To further investigate this phenomenon, while Frida was talking to her mom I went straight to my own source. “I needed to know how much it was going to cost,” she said on a voicemail. “Then I needed to figure out if it was in my budget.” She stressed that she didn’t want to be needlessly pressured into making a decision. “I don’t like to just say yes or no,” she said. “I have to stop and think about it.”

Now circling back to the concept of “maybe,” my mom remained fairly pragmatic. “I didn’t wanna say yes then realize I didn’t really wanna say yes or even say no and maybe I didn’t really wanna say no, I shouldn’t have said no,” she said. “I like to weigh my options.” Certainly as a child this kind of deep reasoned logic from sugar filled and tv-obsessed interior didn’t quite make sense, but now it reads fairly reasonable.

“Maybe” just meant “please be quiet, my child.”

Here today we learned that the word “maybe” can hide a myriad of calculations and considerations the speaker is making internally, while delivering a palatable response to a perhaps wanton child. Sometimes that child, a gooey mush of bones and unrefined thoughts, believes the “maybe,” imbuing it with their own meaning. But if it soothes, it does so misleadingly.
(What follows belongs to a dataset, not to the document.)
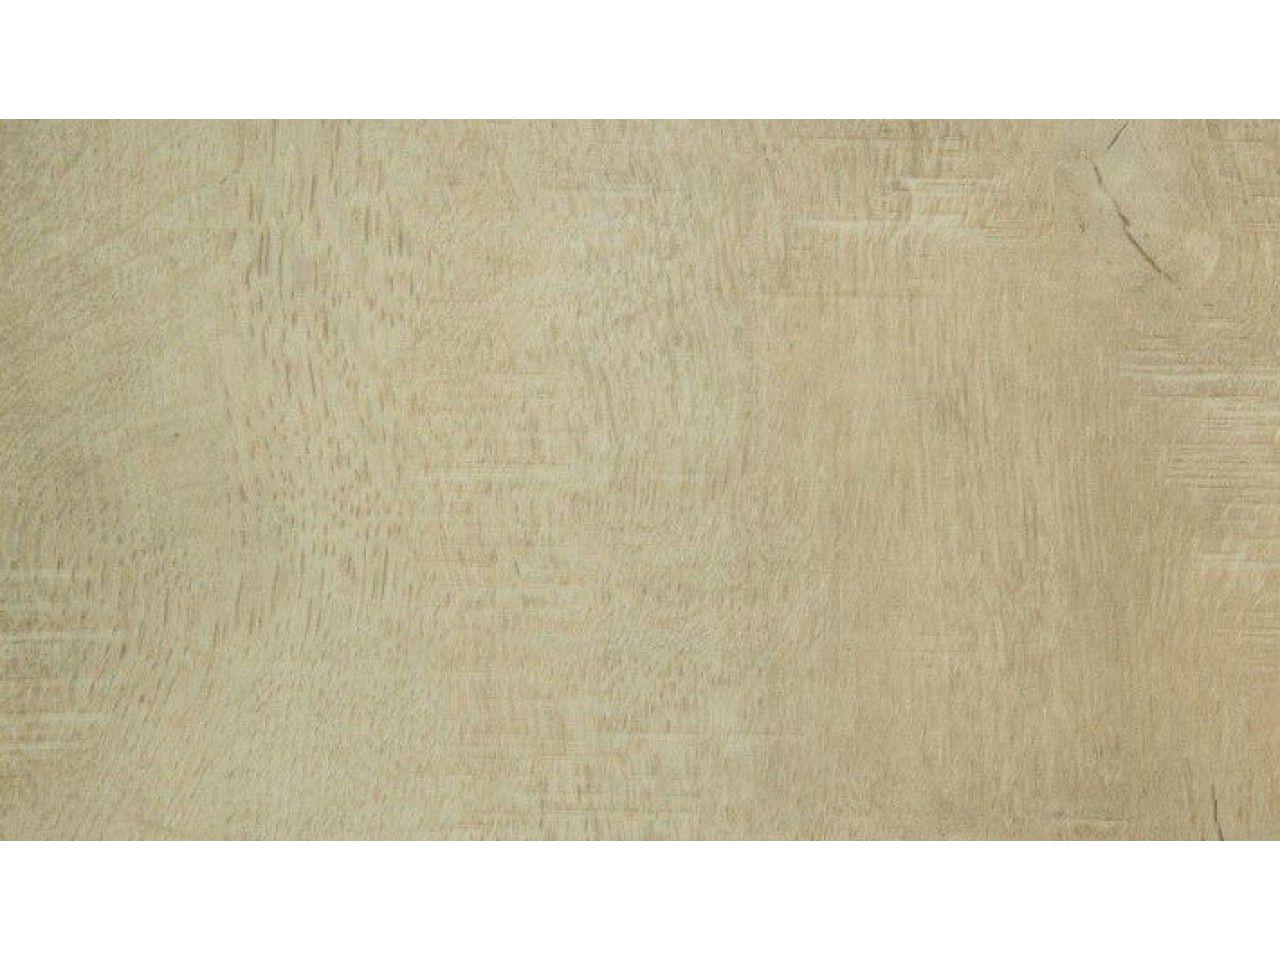 Harmony Lvt Wood Amp Stone Flooring 0 55mm
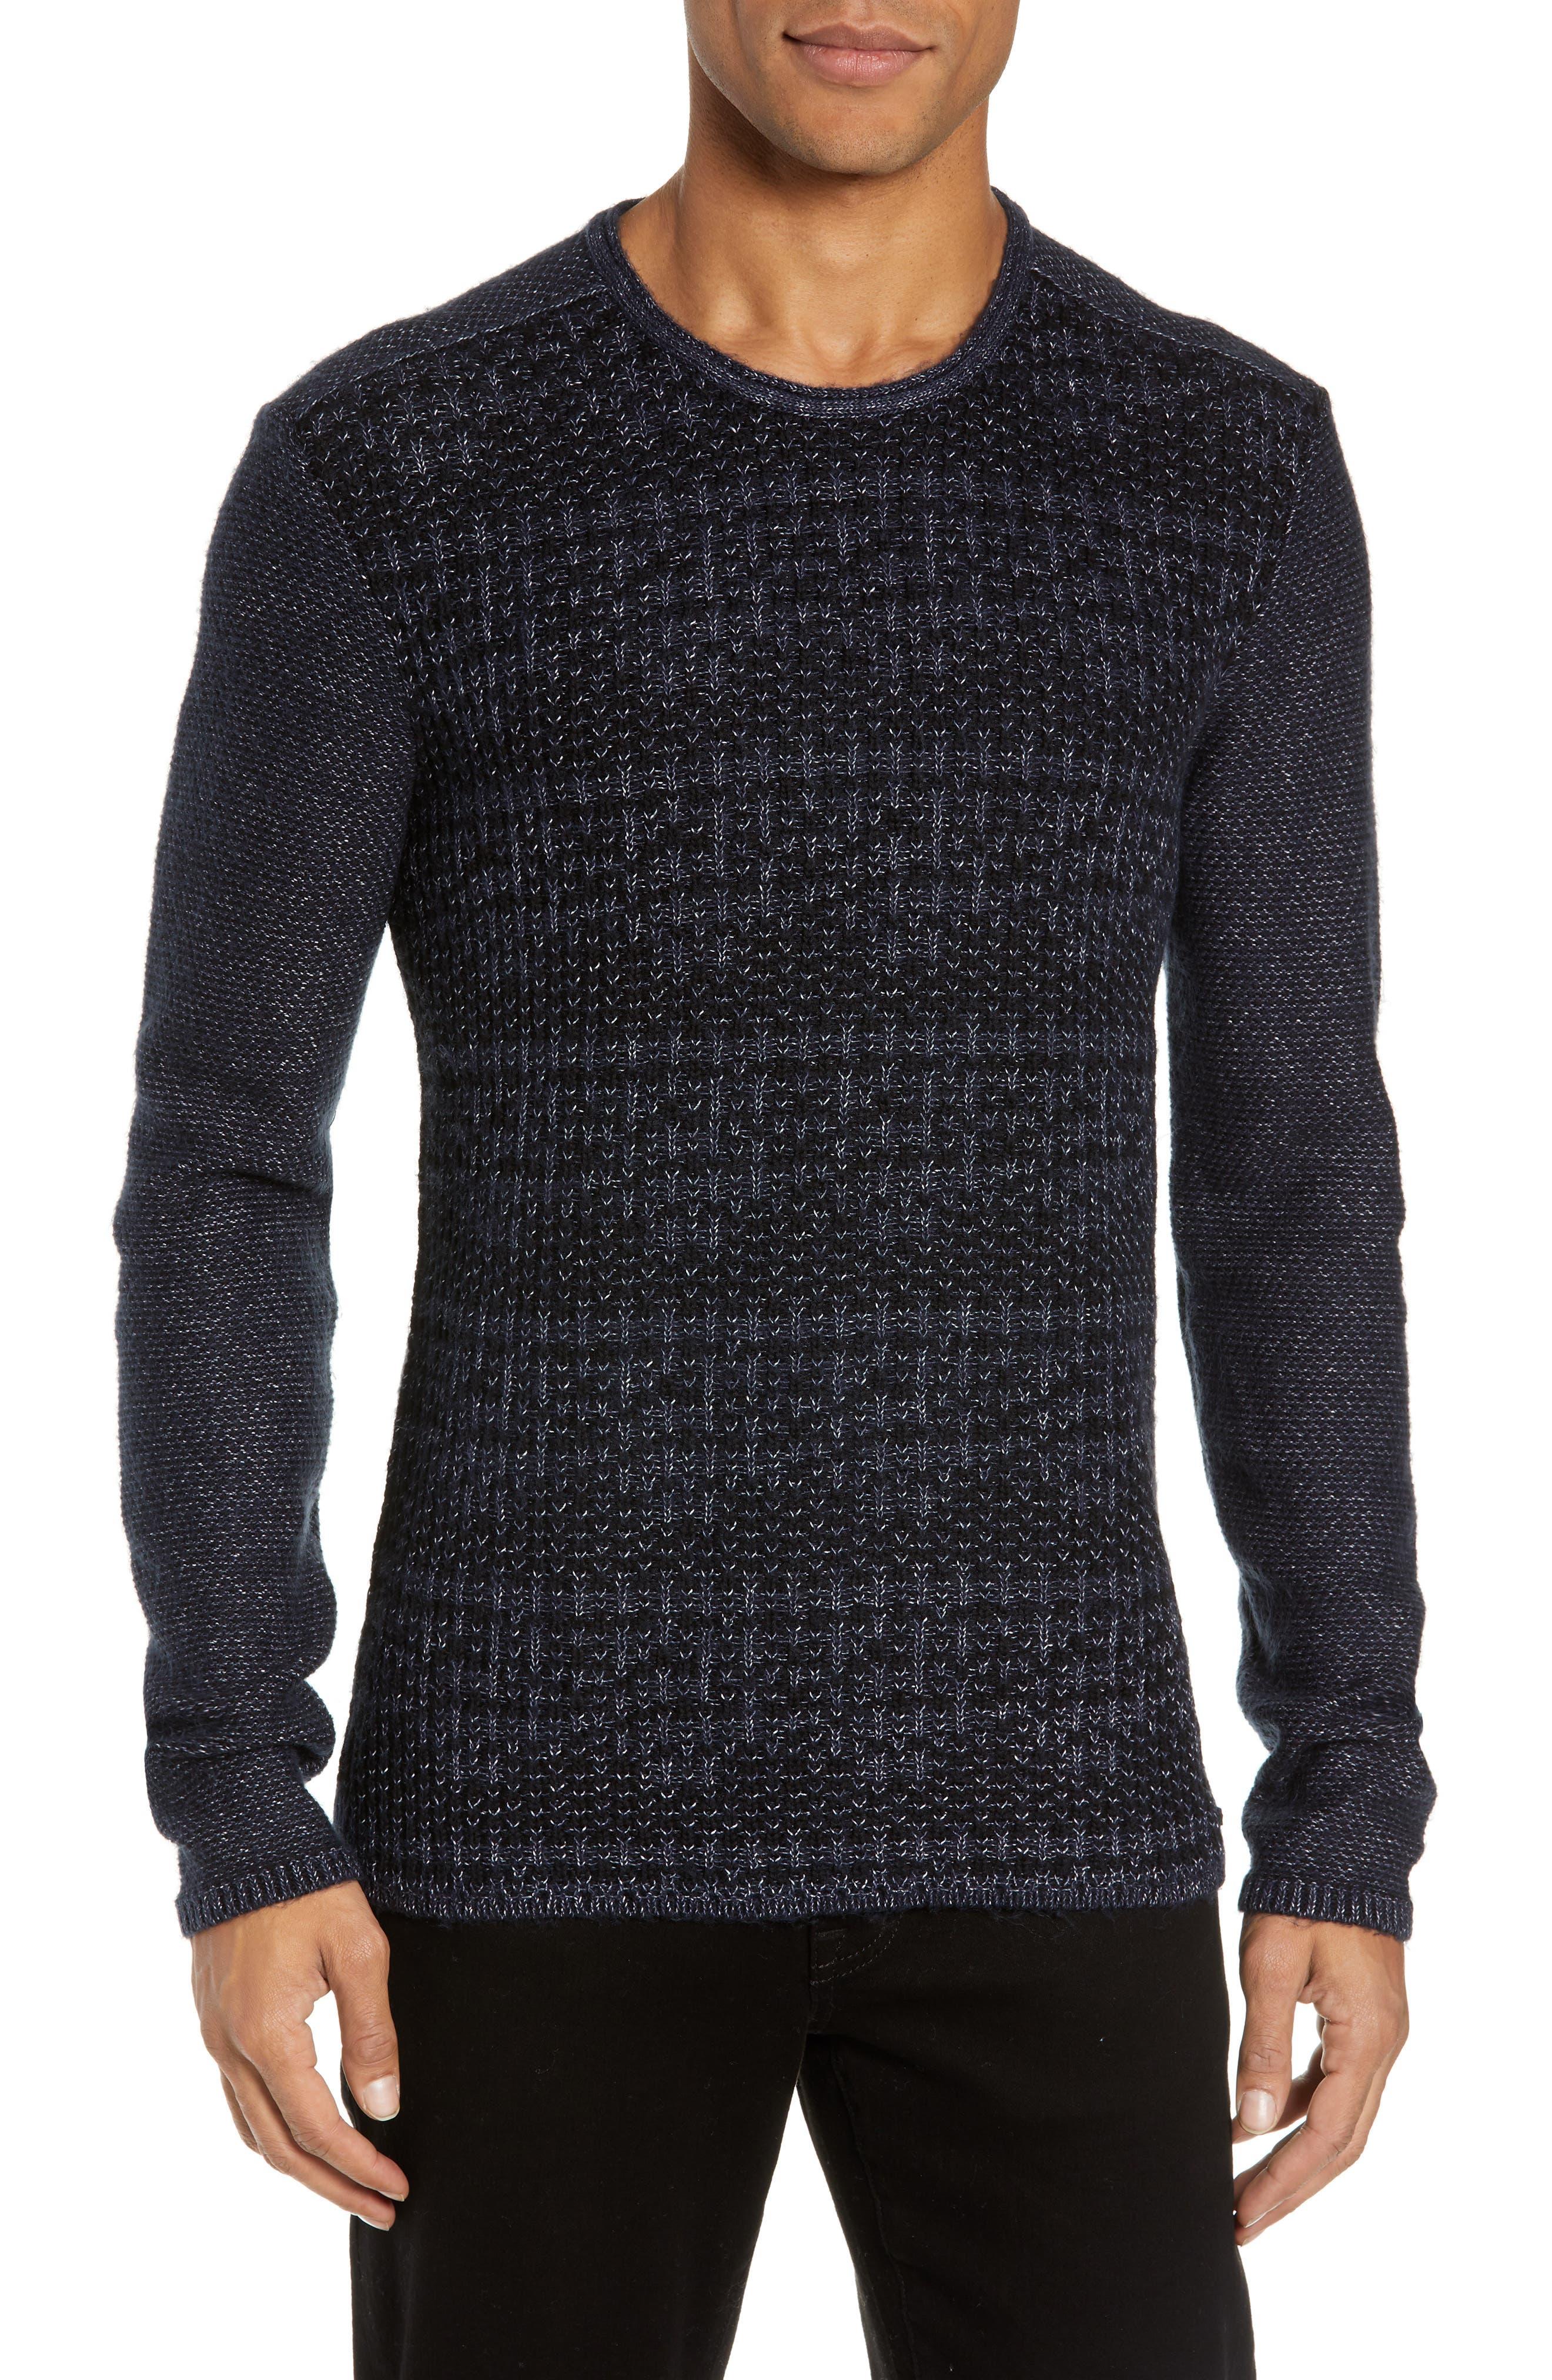 Mix Stitch Regular Fit Cotton Blend Sweater,                             Main thumbnail 1, color,                             INK BLUE

It’s clear from our research that “maybe” never weighed yes or no equally. “Maybe” just meant “please be quiet, my child.” Which, again, after weighing the evidence, we find pretty fair.

Us children fixate on “maybe”, because kids, unlike moms, hold all of the free time in the world to ponder such questions. Did we have to go to work? Pay bills? Go to terrible children’s choir concerts where inevitably some kids walks off the stage and someone needs to go grabs them? No children don’t have any of those responsibilities. “Maybe” is the answer that says “I love you, but please give me five minutes to think this over.”

“Maybe” serves several functions: calming kids and buying some time for moms (at least until the next trip to Target or Walmart), who have to navigate millions of these could-be conflicts a day. “Maybe” keeps the peace—partly by keeping you, the child, in the dark. Our moms didn’t deploy “maybe” just for their own benefit—they were also shielding us, allowing us to live one more day in a fantasy land, where the things we wanted were totally reasonable and not at all insane. The real world, we all eventually find out, has no problem letting us in on that fact.

But your mom wouldn’t do that to you. And that’s why “maybe” is a gift—for the both of you.